Capitalization threshold” is the value above which assets are capitalized and reported in the financial statements. 

Carrying amount” is the amount at which a tangible capital asset is recognized after deducting any accumulated amortization and accumulated impairment losses.

Carrying costs” are costs directly attributable to an asset’s acquisition, construction or development activity where, due to the nature of the asset, it takes a long period of time to get it ready for its intended use. 

Component” is part of an asset with a cost that is significant in relation to the total cost of that asset.  Component accounting recognizes that each part might have a different useful life and requires separate accounting for each component that has a different useful life than the whole asset does. 

Cost” is`1 the gross amount of consideration given up to acquire, construct, develop or better a tangible capital asset, and includes all costs directly attributable to acquisitions, construction, development or betterment of the tangible capital asset, including installing the asset at the location and in the condition necessary for its intended use. The cost of a contributed tangible capital asset, including a tangible capital asset in lieu of a developer charge, is considered to be equal to its fair value at the date of contribution. Capital grants would not be netted against the cost of the related tangible capital asset.

Disposal” refers to the removal of a capital asset from service as a result of sale, destruction, loss or abandonment. 

Estimated useful life” is the estimate of the period over which a capital asset is expected to be used or the number of units of production that can be obtained from the asset. It is the period over which an asset will be amortized and is normally the shortest of the physical, technological, commercial or legal life.

Fair value” is the amount of the consideration that would be agreed upon in an arm’s length transaction between knowledgeable, willing parties who are under no compulsion to act. 
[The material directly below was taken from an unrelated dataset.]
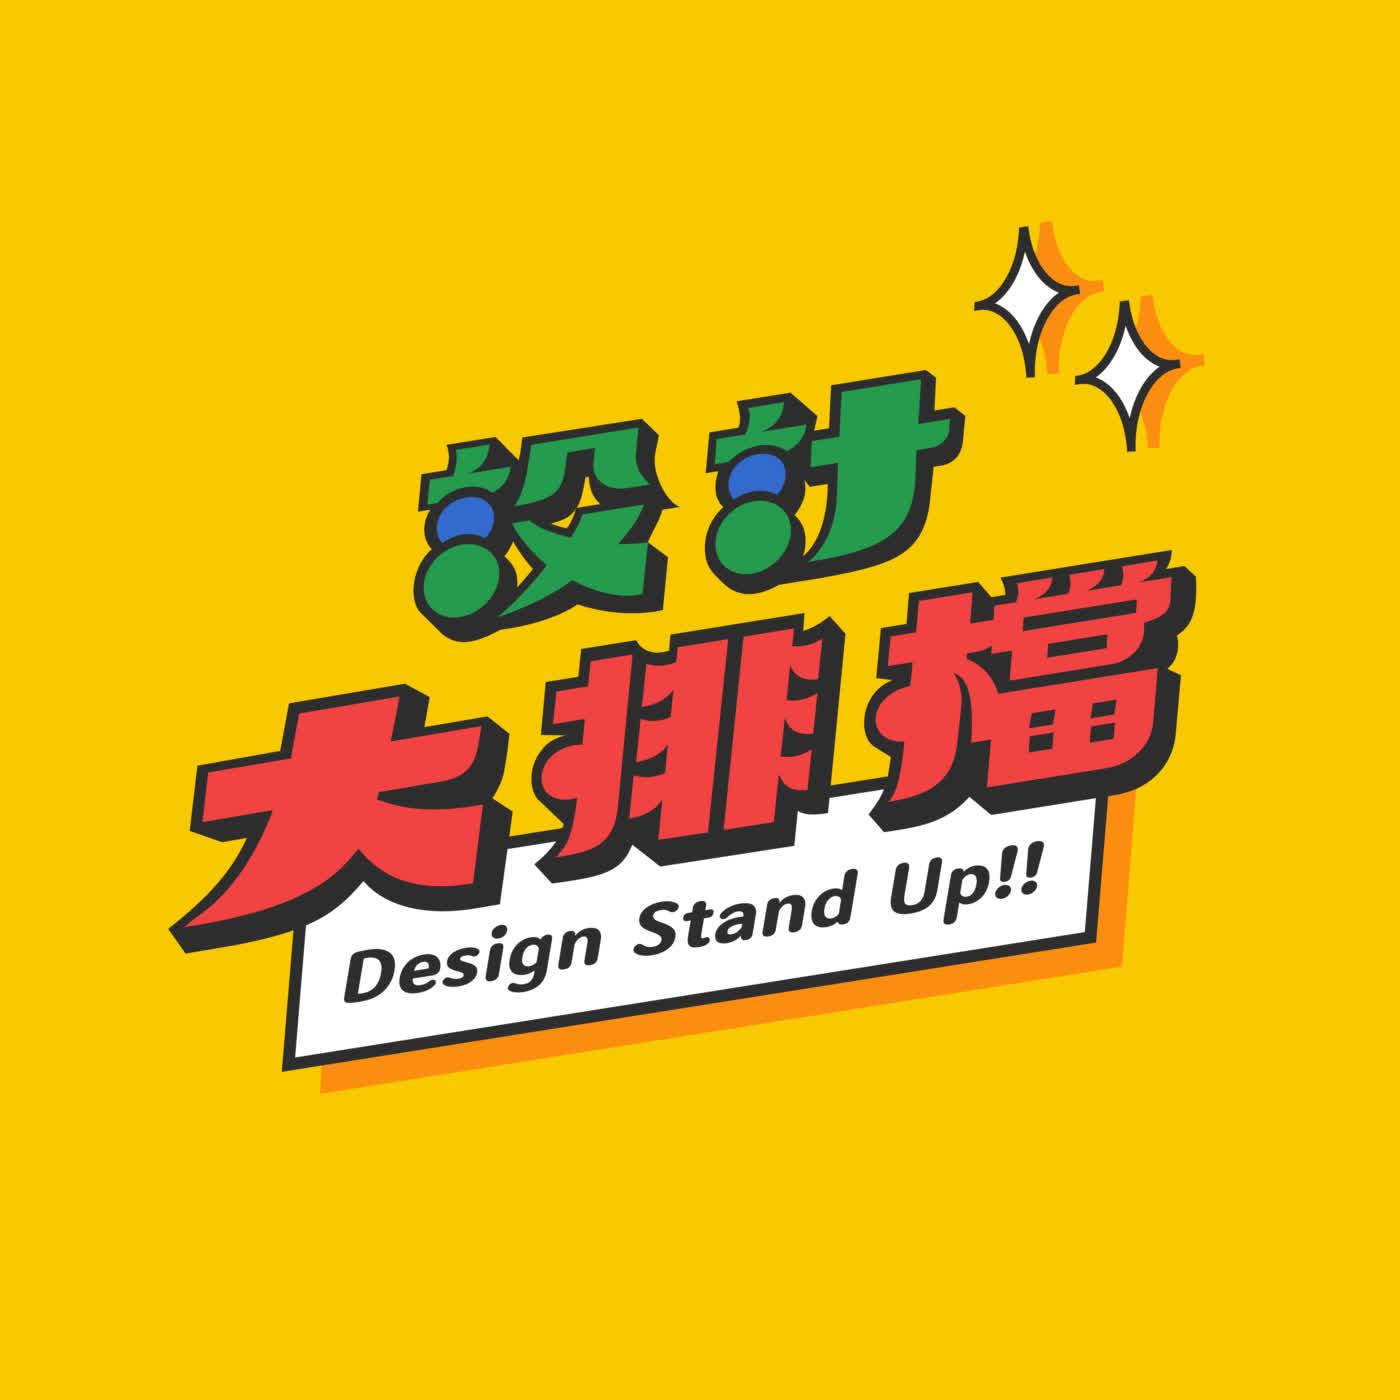 EP18|沒時間解釋了~ 年會列車要開了!!  前往IxDTW 2021的旅客請趕快上車🚂 feat. IxDA Taiwan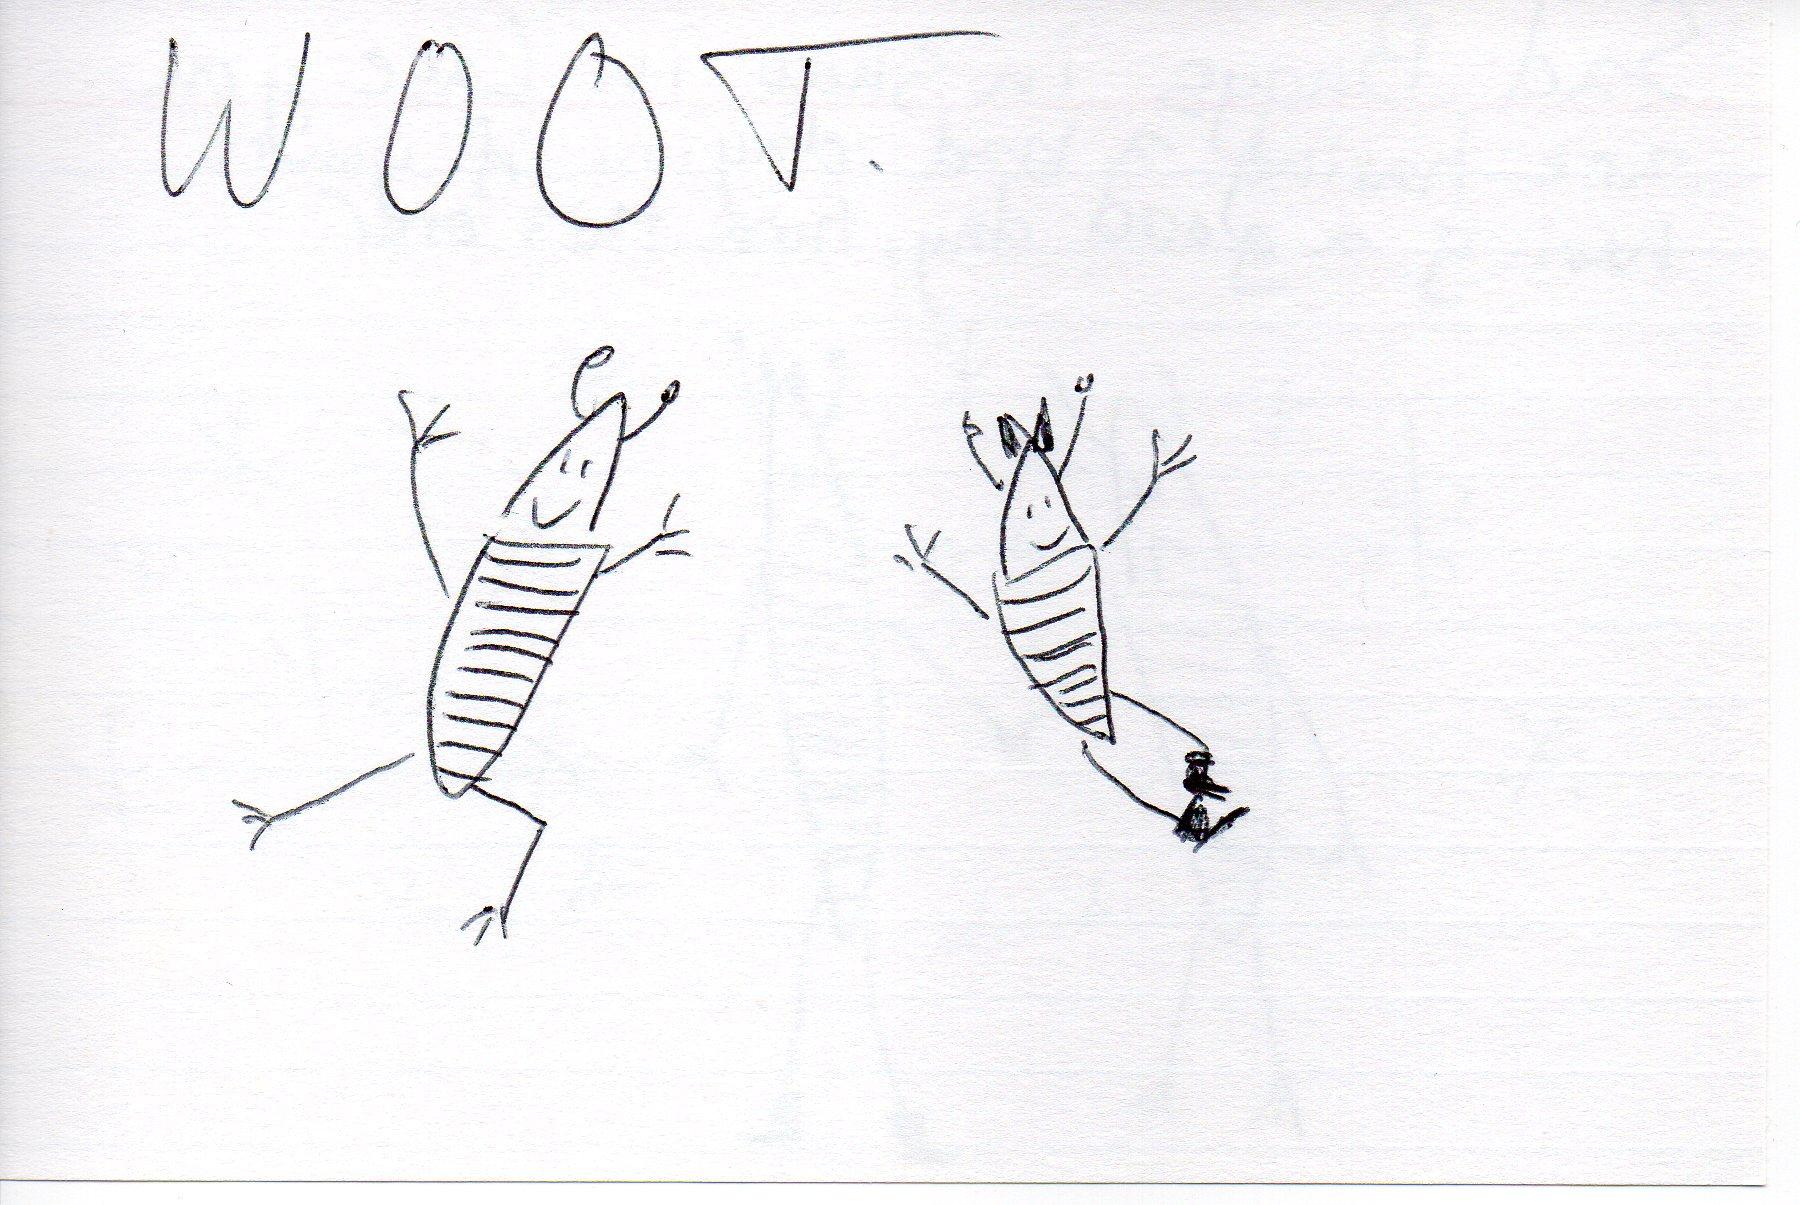 WOOT [click to embiggen]

Gain on disposal” is the amount by which the net proceeds realized upon as asset’s disposal exceeds the asset’s net book value. 

Group assets” are homogenous in terms of their physical characteristics, use and expected life. Group assets are amortized using a composite amortization rate based on the average useful life of the different assets in a group. 

Leased capital assets” are non-financial assets leased by the organization for use in the delivery of goods and services. Substantially all of the benefits and risks of ownership are transferred to the municipality without requiring the transfer of legal ownership.

Loss on disposal” is the amount by which the net book value of a capital asset exceeds the net proceeds realized upon the asset’s disposal. 

Market value” is defined as the estimated amount for which a property would be exchanged on the date of valuation between a willing buyer and a willing seller in an arm’s length transaction wherein the parties had each acted knowledgeably, prudently and without compulsion.

Maintenance and repairs” maintain the predetermined service potential of a tangible capital asset for a given useful life. Such expenditures are charged in the accounting period in which they are made.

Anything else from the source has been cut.